Microsoft announced at the Ignite 2016 conference that it has started work to greatly improve the networking performance of the entire global fleet of virtual machines. We will see reduced latency/jitter, and we will see maximum bandwidth improvements of 33 percent to 50 percent. This is being done by leveraging hardware offloads that are available in Windows Server Hyper-V.
 

 
Note: Azure runs the same Hyper-V hypervisor that we can use in Windows Server. Microsoft’s public cloud is currently running Windows Server 2012 and Windows Server 2012 R2 Hyper-V.
The results of these improvements will benefit us in several ways:

  • More peak bandwidth: Depending on what virtual machine series/size you run, you will gain access to more bandwidth, so you can move data around more quickly.
  • Improved Storage Performance: Storage account customers will be improved storage IOPS.
  • Reduced latency: Data will get from one machine to another more rapidly.
  • Reduced jitter: This will benefit media streaming services, such as voice and video.
  • Reduced CPU utilization: Which means your services have more compute available to them.

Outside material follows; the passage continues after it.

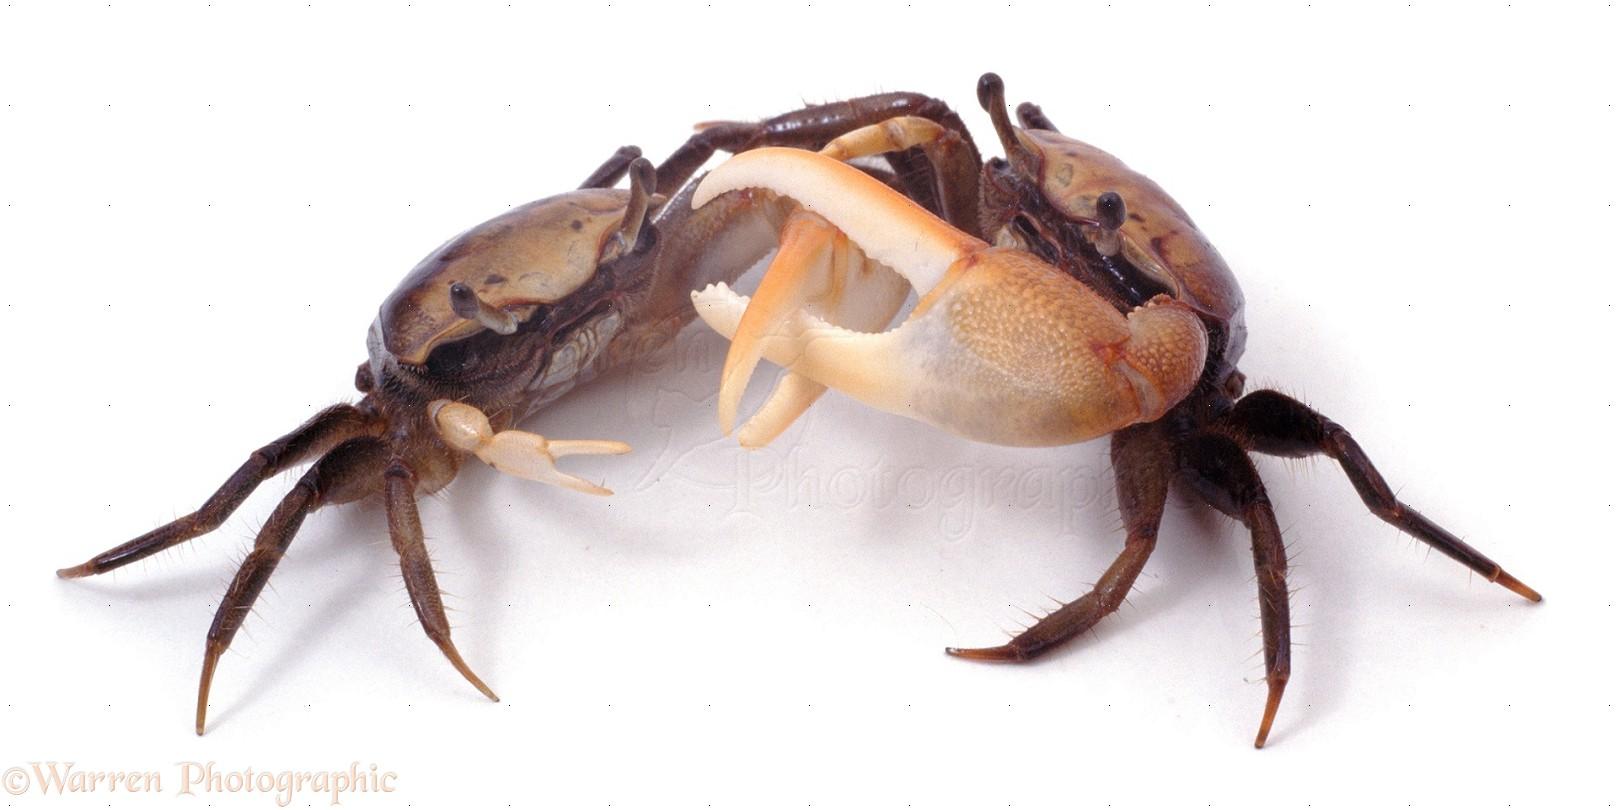 Crabs Fighting Images & Pictures - Findpik

One example that Microsoft shared is that SQL Server database In-Memory OLTP transaction performance was improved by 1.5x in testing. They also reached speeds of 25 Gbps when testing with DS15v2 and D15v2 virtual machines.

A demo of Azure networking performance from Microsoft Ignite 2016 [Image Credit: Aidan Finn]
A demo of Azure networking performance from Microsoft Ignite 2016 [Image Credit: Aidan Finn]
So how did Microsoft make these improvements? They “simply” turned on some features that move processing from the host OS (the management OS in Hyper-V parlance).

SR-IOV

By default, a Hyper-V virtual machine receives and sends traffic by routing packets from the vNIC, through the VMbus (via an integration service) to the host virtual switch, which runs in user mode in the management OS, and then to the drivers of the physical NIC, and vice versa.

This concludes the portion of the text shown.